Well, it goes back to 1960.
And frankly speaking, both sides aren't at their best when it comes to understanding each other.
India treats China as part of Pakistan problem. Very stupid approach the essentially turned uninformed fear into reality.
The bigger issue is, imho, the opposite direction though. The opinion you've just described (that India is 阿三 soft nuisance, and best way to handle it is through occasional beating) is shared widely in China's society, "widely" here meaning very high up. India is indeed sort of despised.
Modi tried fixing China relations early on (spending not insignificant political capital back then, because China is a big red flag in New Delhi), and it went nowhere largely due to China. Nowhere = no special reply.
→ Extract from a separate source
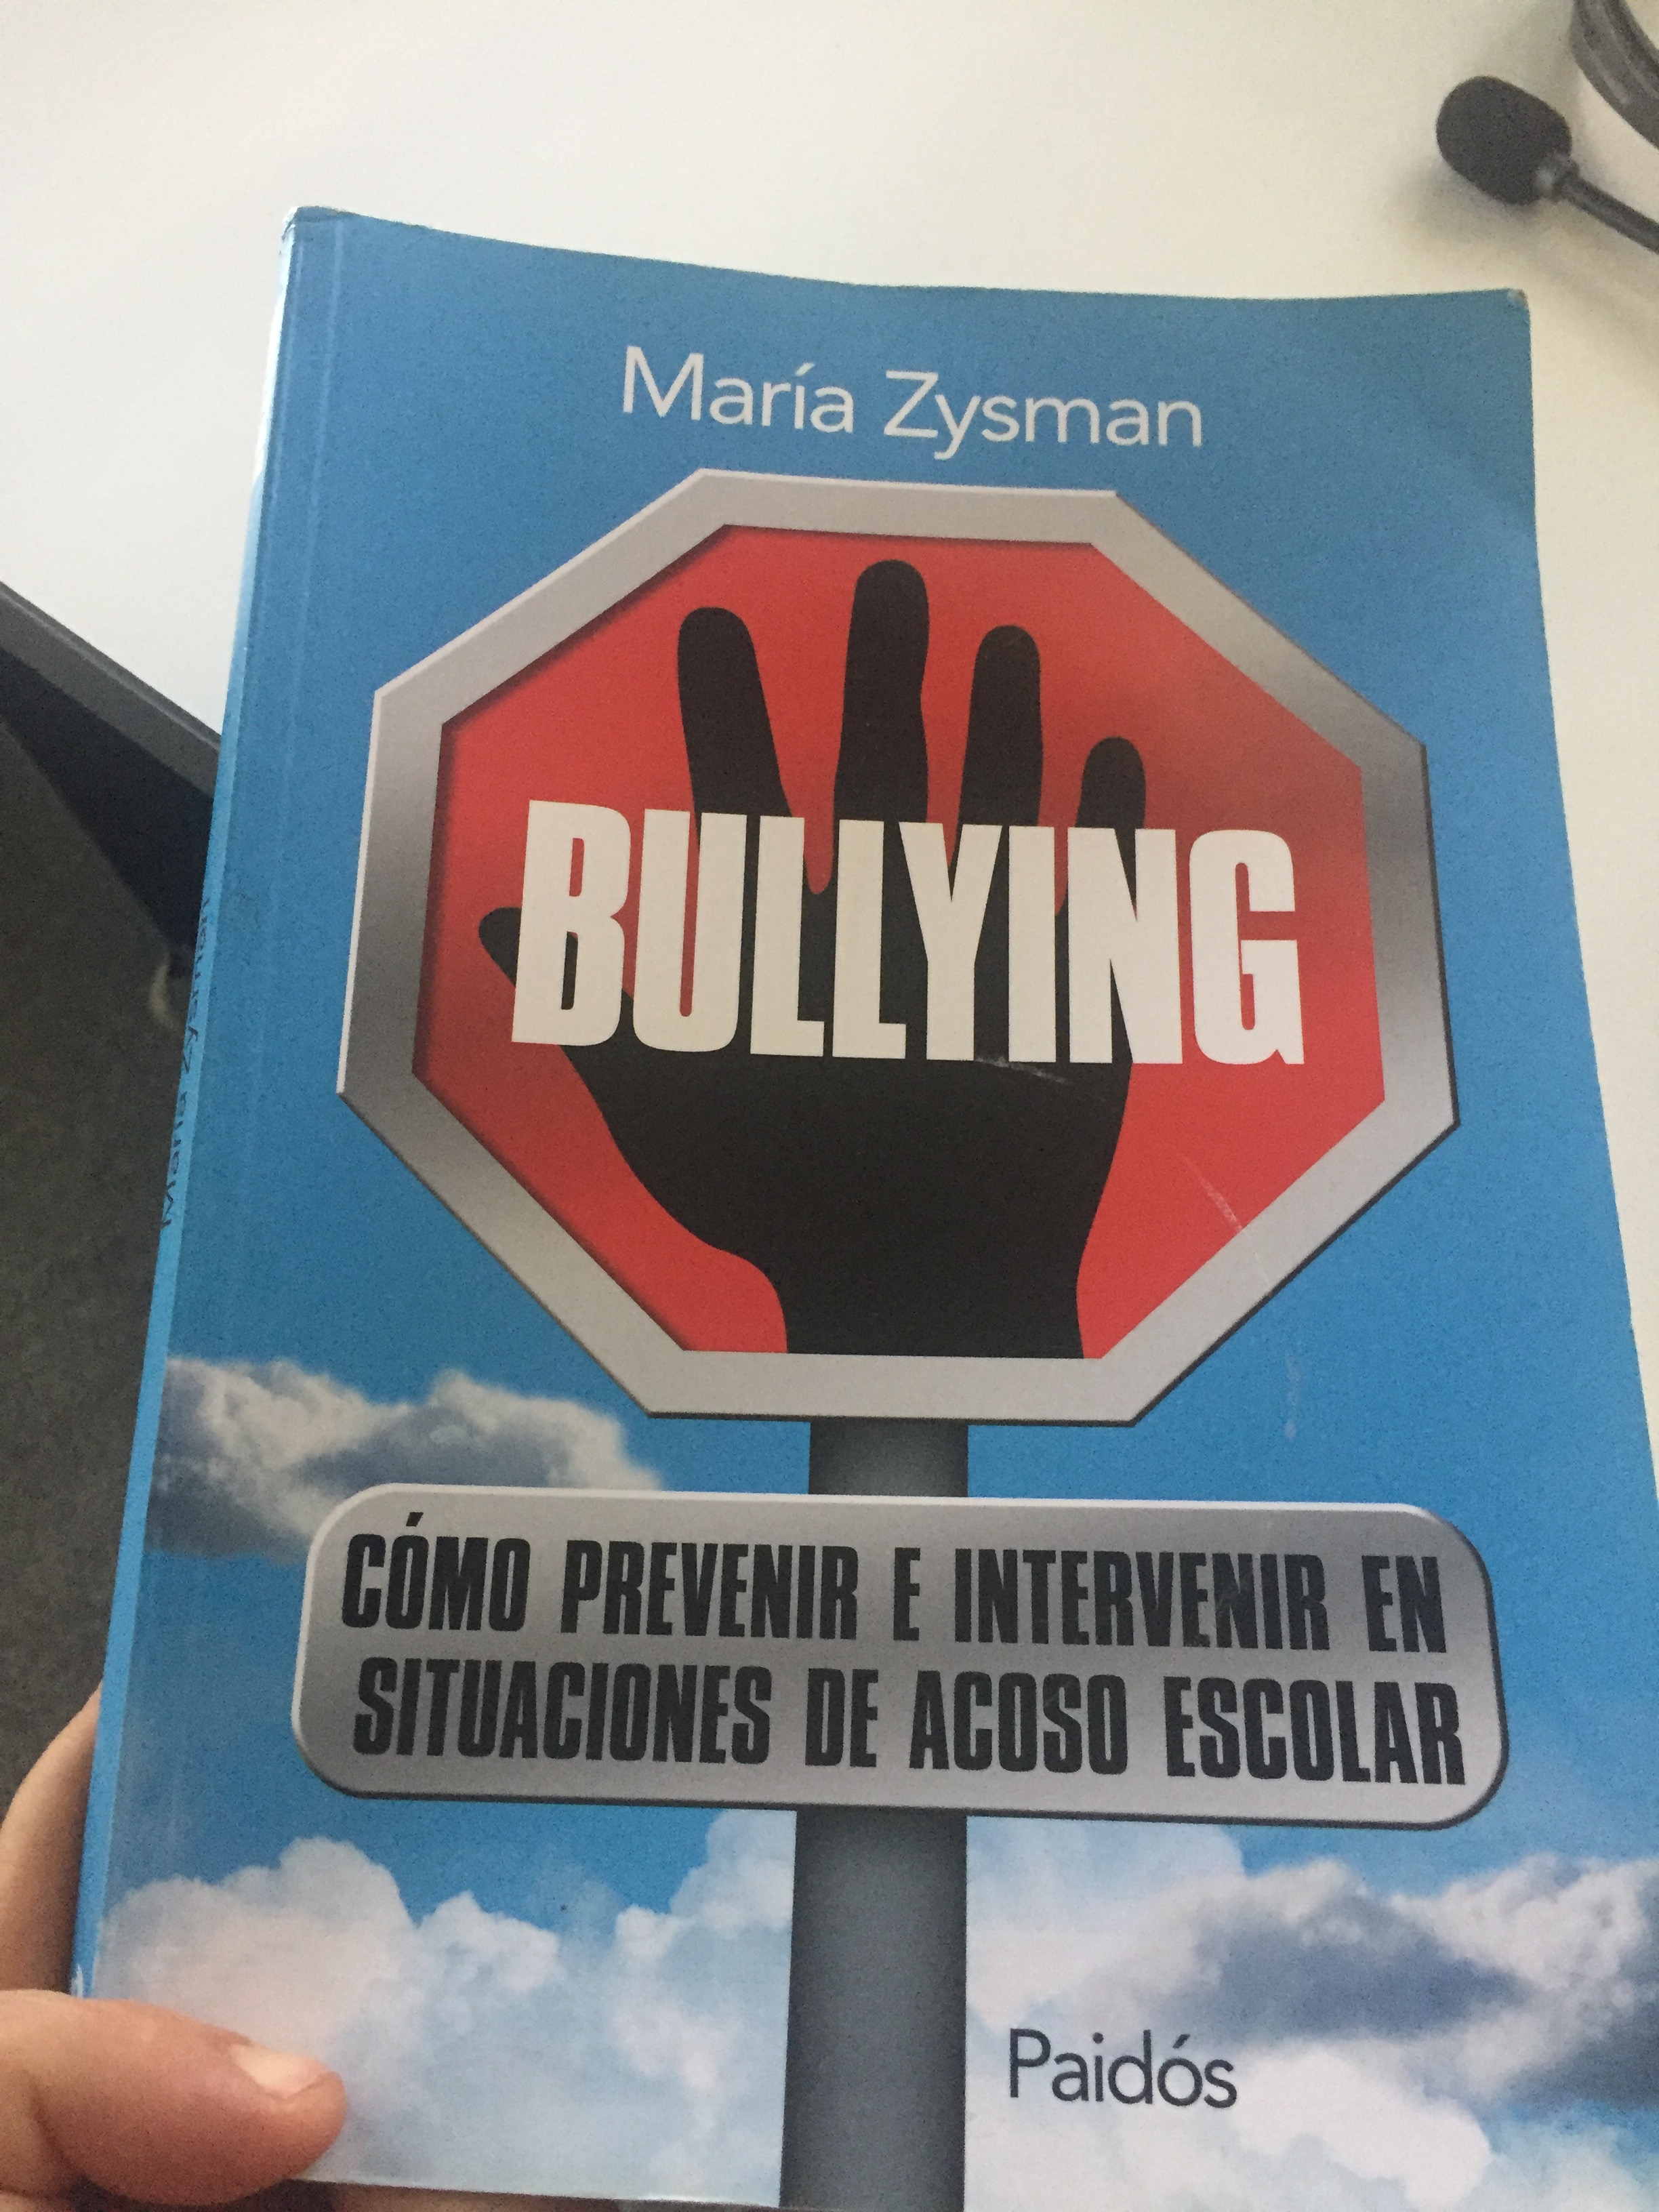 Bullying and non-bullying behaviours

Why India tried? Oh, it's simple. Just as India is Pakistan's main threat, main threat for India's government is it's own population expectations. They have a billion people in need of basics - water and electricity to homes, infrastructure, basic modern goods. All things that just happen to come from China, or China being best at.
Offtop: btw, strictly speaking, this is something Trump admin seems to miss. Indian modernization in general is far more tied on China than on any western markets regardless of relationship between Beijing and New Delhi. Hard to admit in DC, though.
I am not nowhere near Zhongnanhai, I don't know whether border accidents were intentional, or caused by an overzealous new PLA border commander. The problem was that Beijing decided it's a way to go, and India has nowhere to go anyway.
The result was horrible - arguably, China's largest geopolitical mistake of 2010s, - as India was almost pushed into western fold (something it resists with passion), and it took entire Trump to almost miraculously break it down. And miracles aren't something you rely on in IR.
Just to give you an idea how horrible - imagine Russia collapsing into blue in 2022-23(something light blue India would love the most, as India is traditional friendly to Russia; that's its biggest contradiction going away). That would've been effective strategic encirclement.
Hopefully, it will be fixed this time (China started reflecting that being surrounded by blues isn't exactly a good position starting last year) at least. But at least current Indian admin remembers that going to China may burn hands badly, and very unlikely Chinese giants (ZTE, HUAWEI, etc) will be able to reap that was possible in 2010s.
Yes, perhaps Beijing doesn't want to see itself doing that Soviet Union did for China in the 1950s, paving way for a future superpower to, first, contribute to SU overstretch, collapse, and then outright replacing it . But China of 1950s was 100% red, redder and more irreconcilable with west than Russia itself; Soviet Union had a choice.
India is neutral, and leaning blue. It is fundamental difference.